相较于楚国的崩溃。
当夜,吴越王宫偏殿内。
钱元瓘坐在主位,下首坐着几人——胡进思、水丘昭券、章德安、钱弘僎。
这些都是他最信任的人,是吴越国的柱石。平日里各司其职,很少聚得这么齐。
今夜把他们召来,是因为有一件事,他拿不定主意。
他从袖中取出一封信,放在案上。信封已经被拆开,封口处还残留着蜡印,上面是楚国的纹章。

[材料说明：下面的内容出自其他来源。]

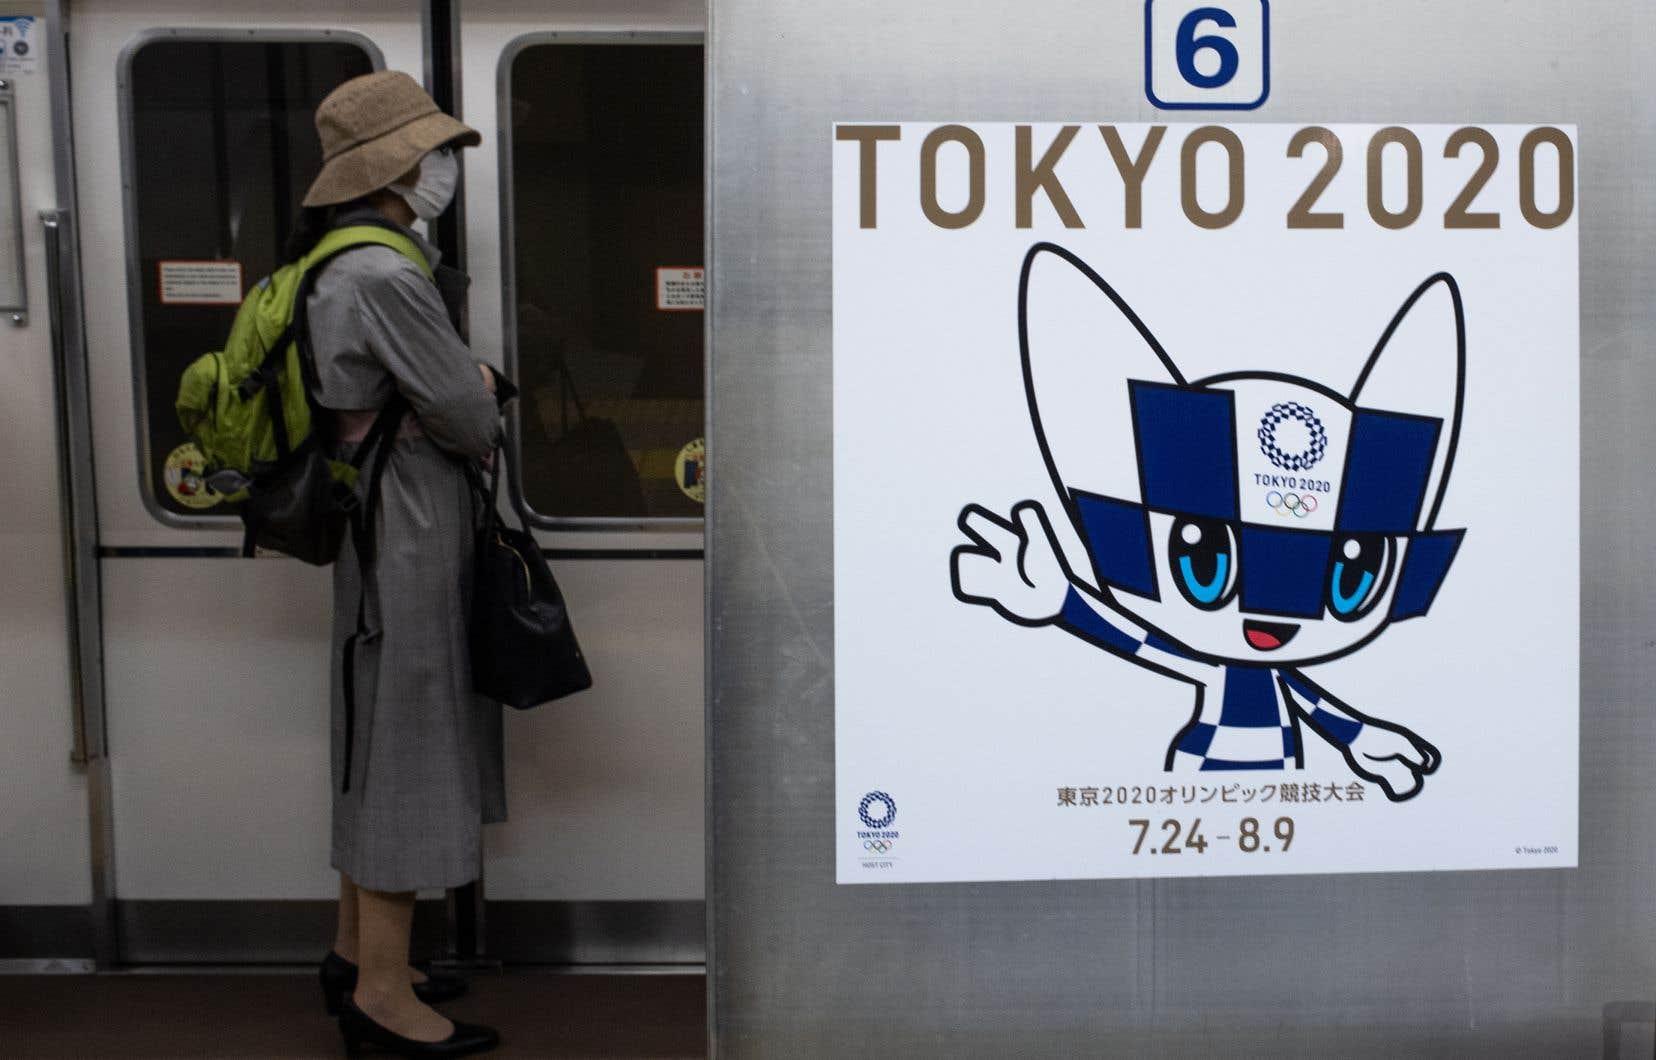 Le nombre de passagers des trains et métros de Tokyo, habituellement bondés pendant les heures de pointe, a fortement diminué.

“马希钺的求援信。”钱元瓘的声音不高,却让殿内的气氛顿时沉凝起来。
“他派人秘密送来,说楚国危在旦夕,请我出兵相助,共抗李存勖。信中说,愿割让边境五州作为谢礼,日后两国永结盟好。”
殿内安静了片刻,众人眼中皆是愕然。
钱弘僎最先开口,声音里带着几分难以置信:“马希钺居然向咱们求援?”
他的眉头紧皱,脸上一副“马希钺是不是傻了”的表情。
水丘昭券摇了摇头,声音慢条斯理:“楚国与吴越并无深交,此番求援,不过是病急乱投医罢了。”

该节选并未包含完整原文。